▶ _Assignment_
Your answer should be an exact copy of the lines from the one holding "Maxxter USB hub 3.0" to the end of the material below, pictures left out.

▶ _Data below_
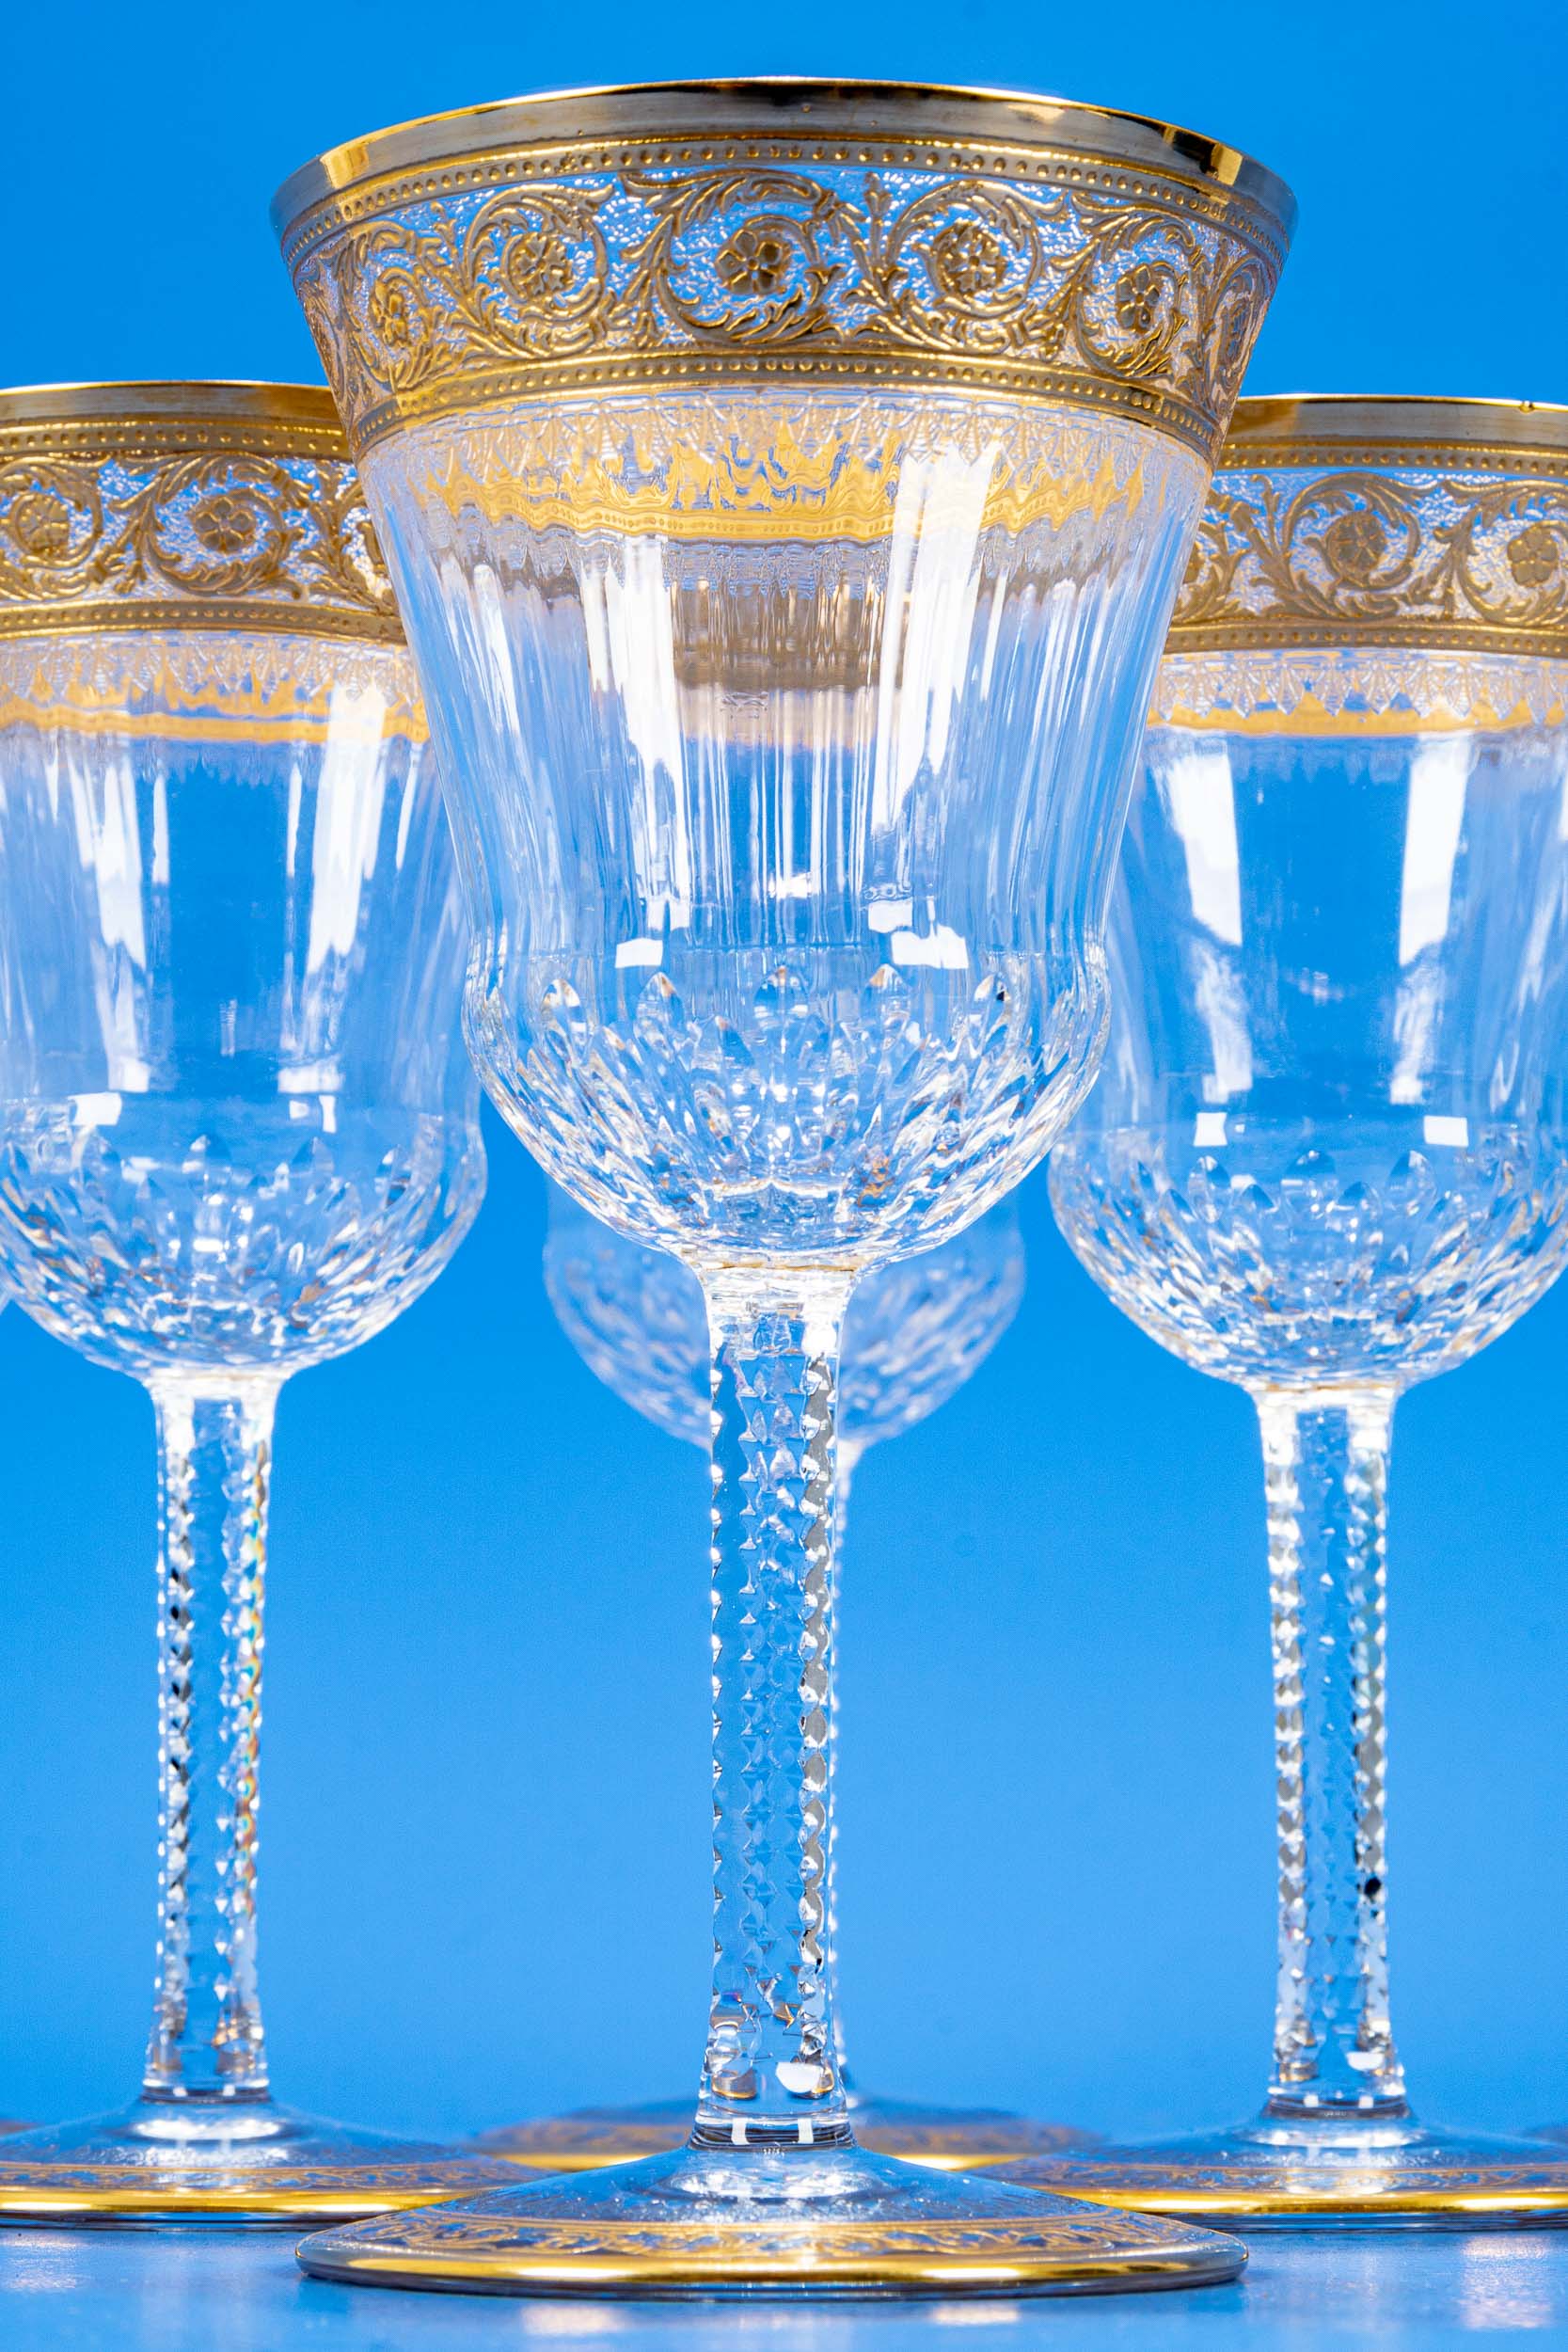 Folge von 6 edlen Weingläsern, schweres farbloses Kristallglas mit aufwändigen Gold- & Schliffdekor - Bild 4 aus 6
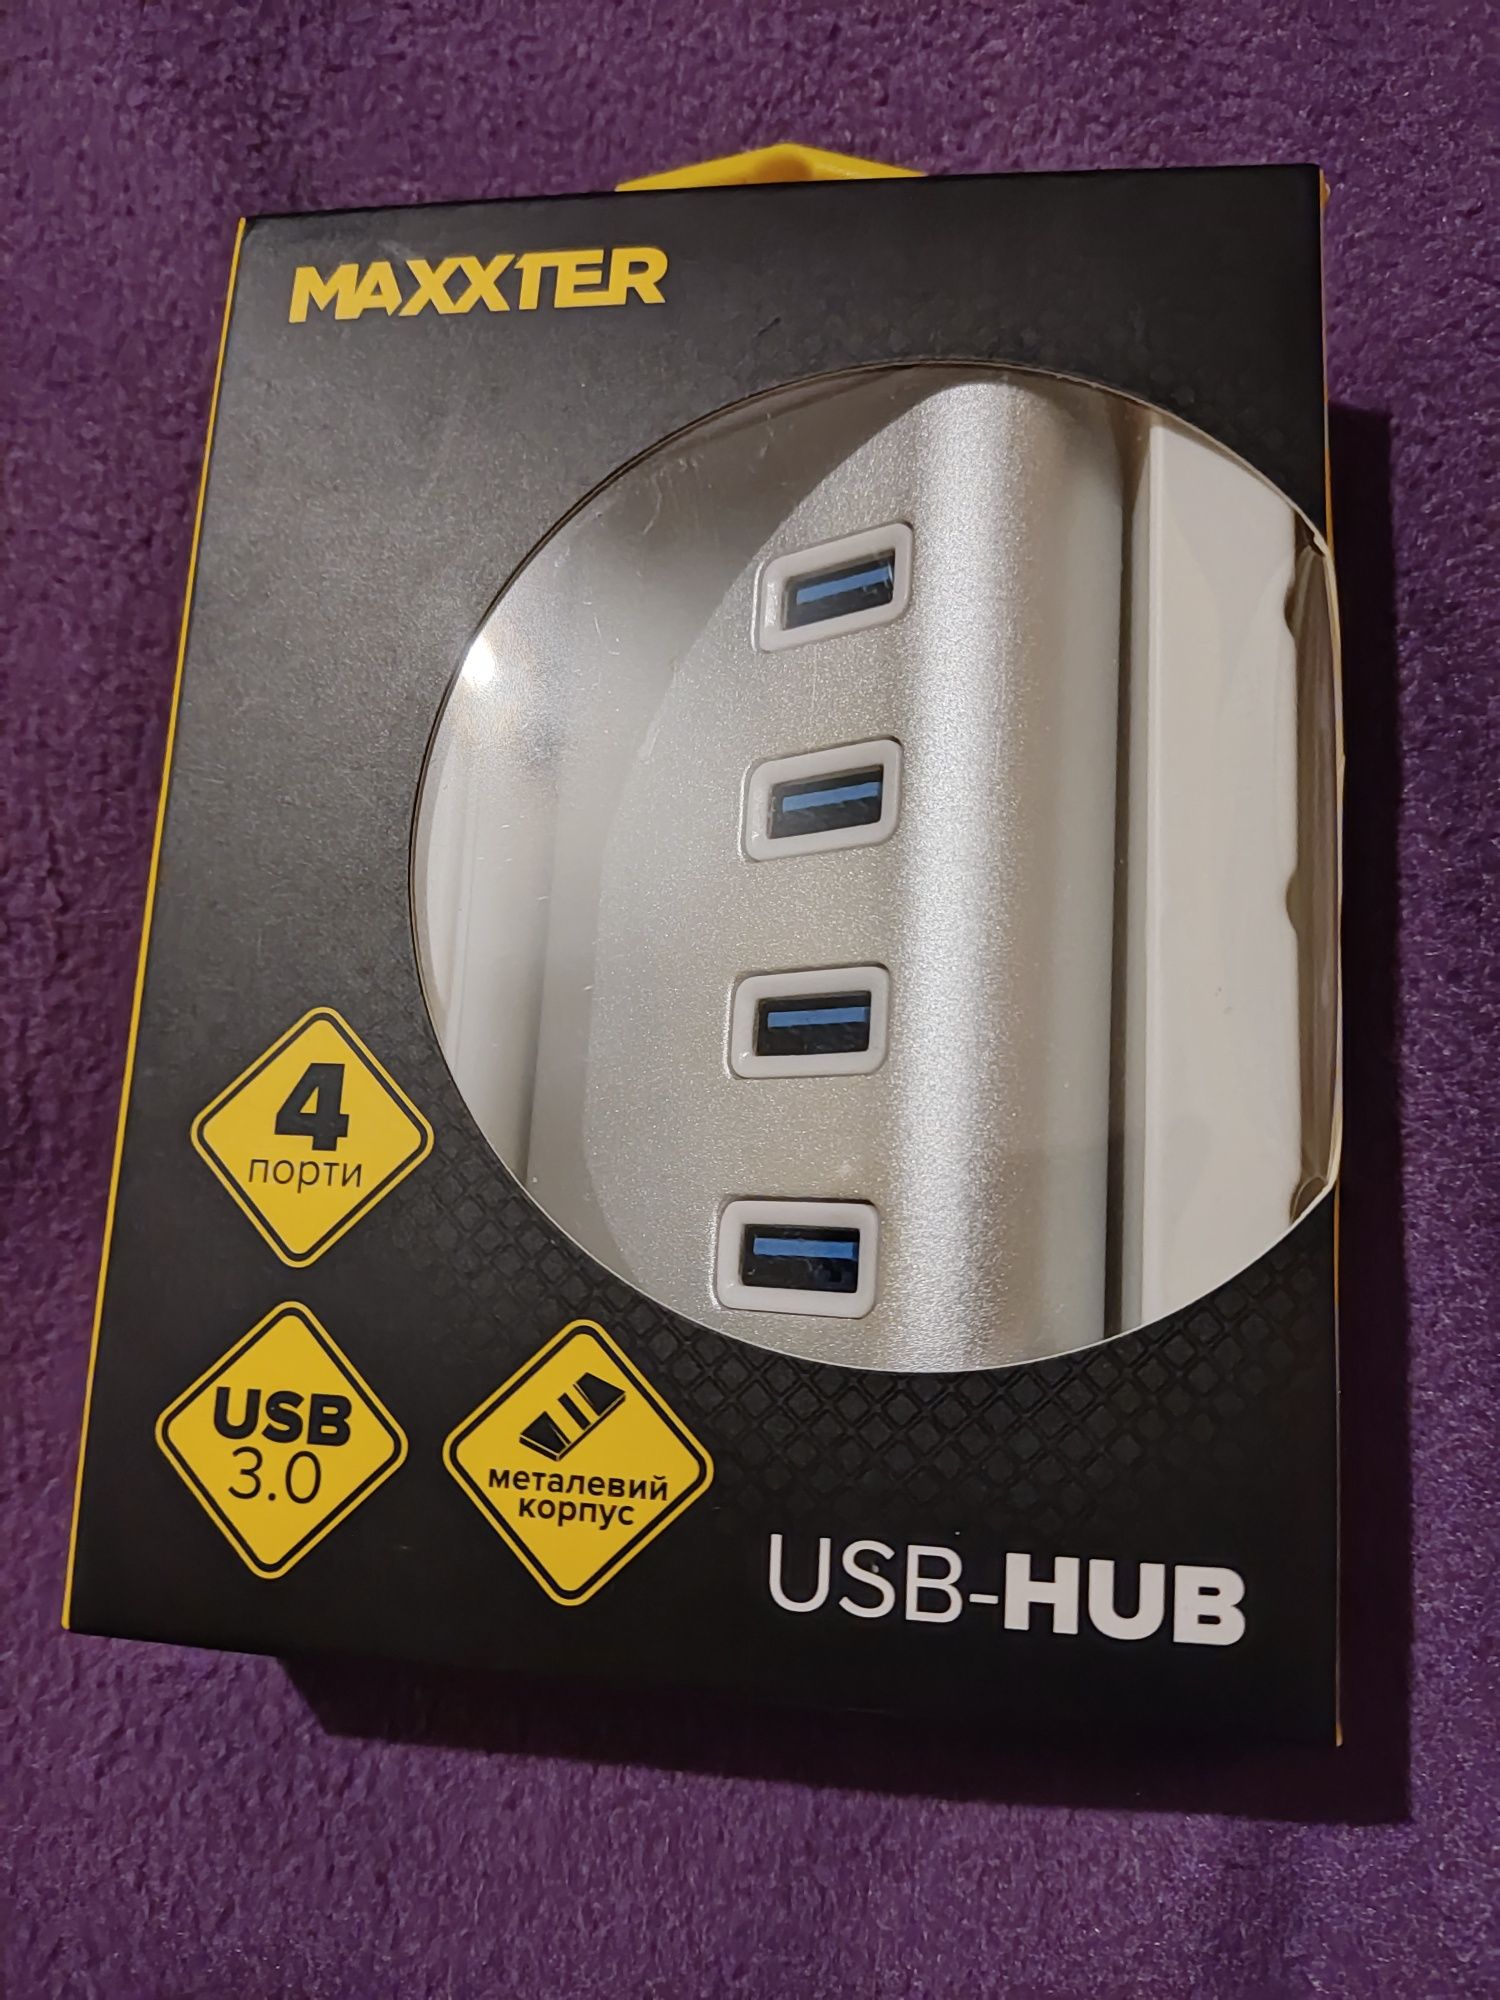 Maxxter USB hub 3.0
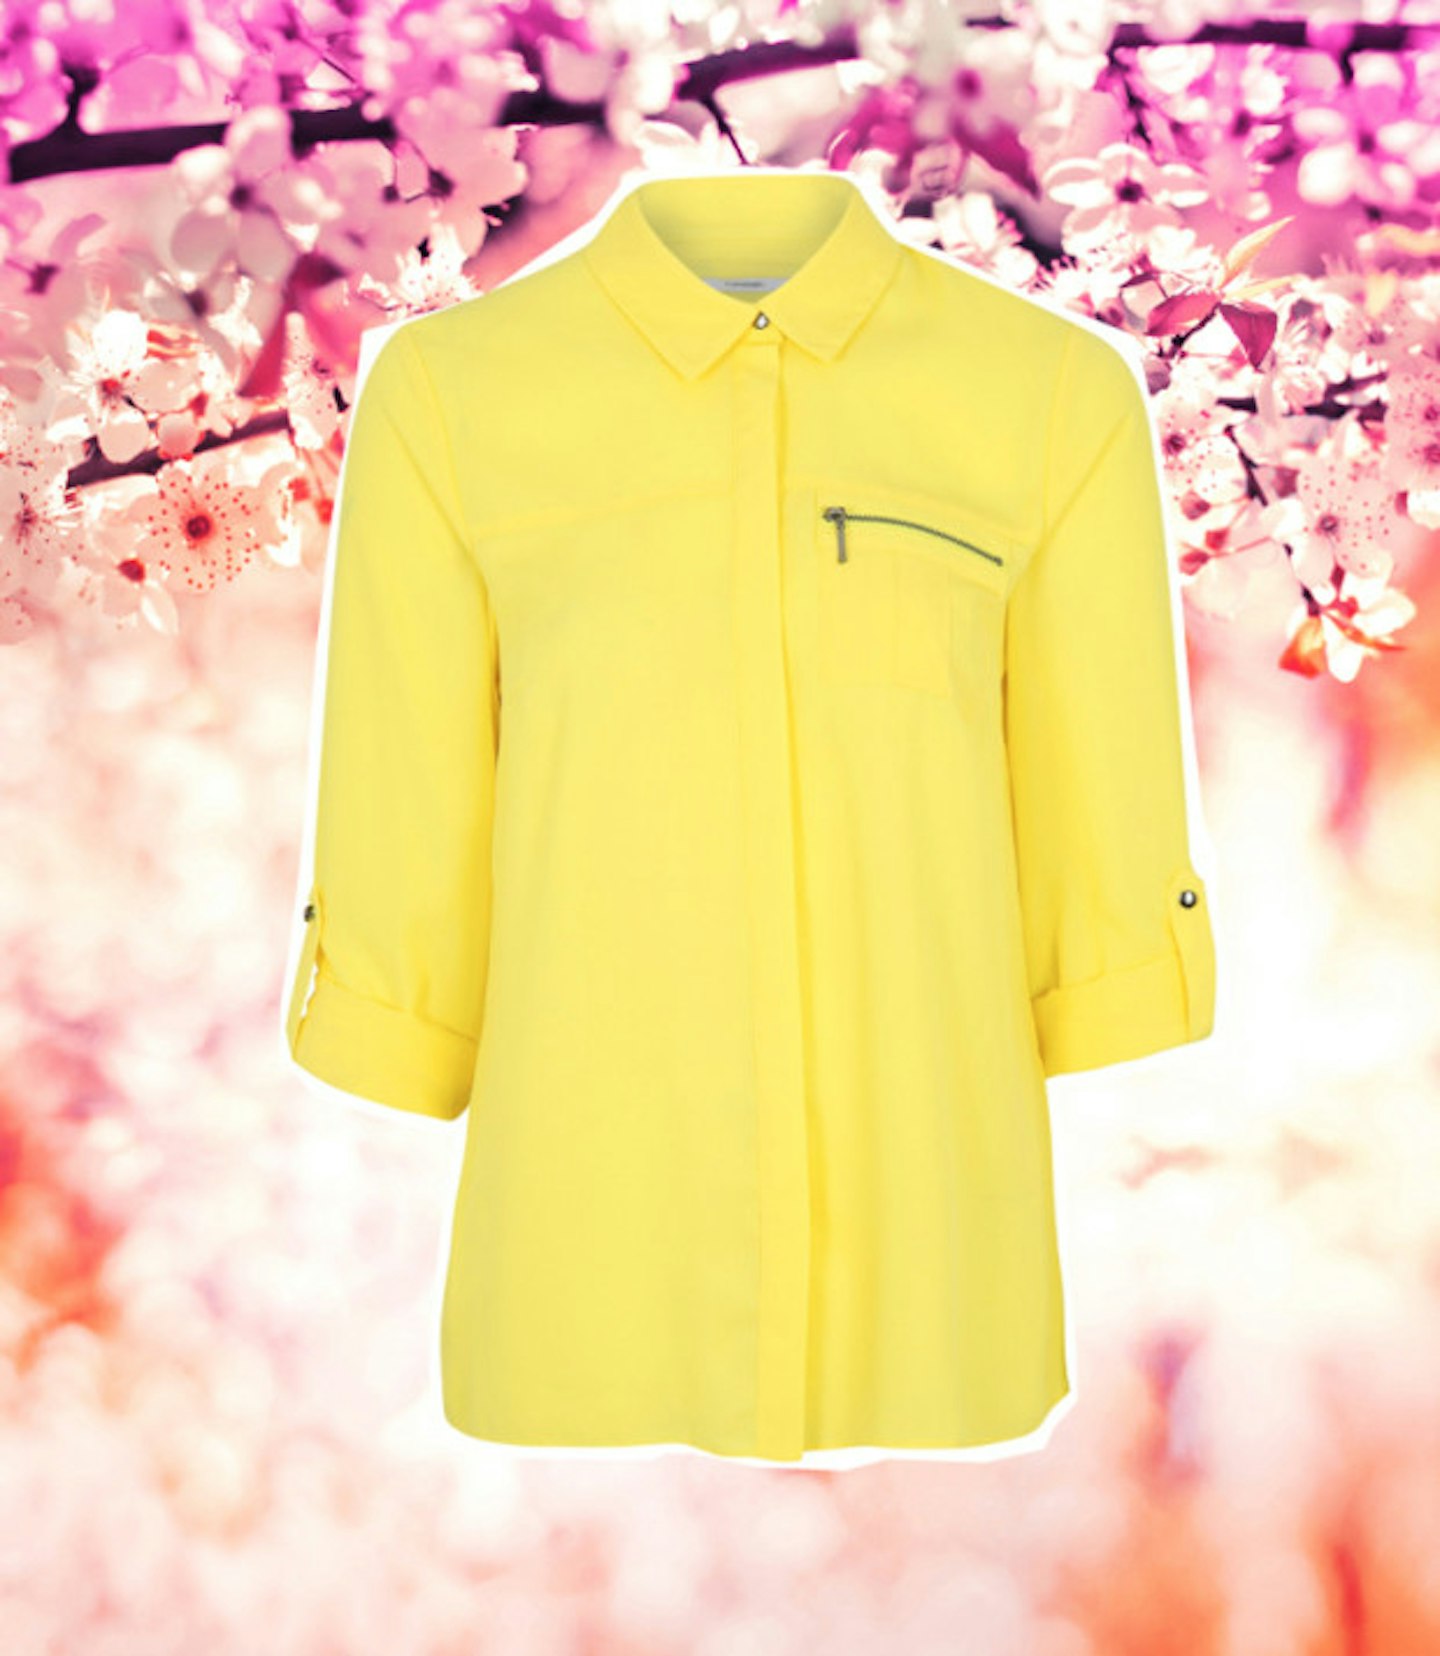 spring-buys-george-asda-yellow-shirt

▶ _Result_
 Maxxter USB hub 3.0
 spring-buys-george-asda-yellow-shirt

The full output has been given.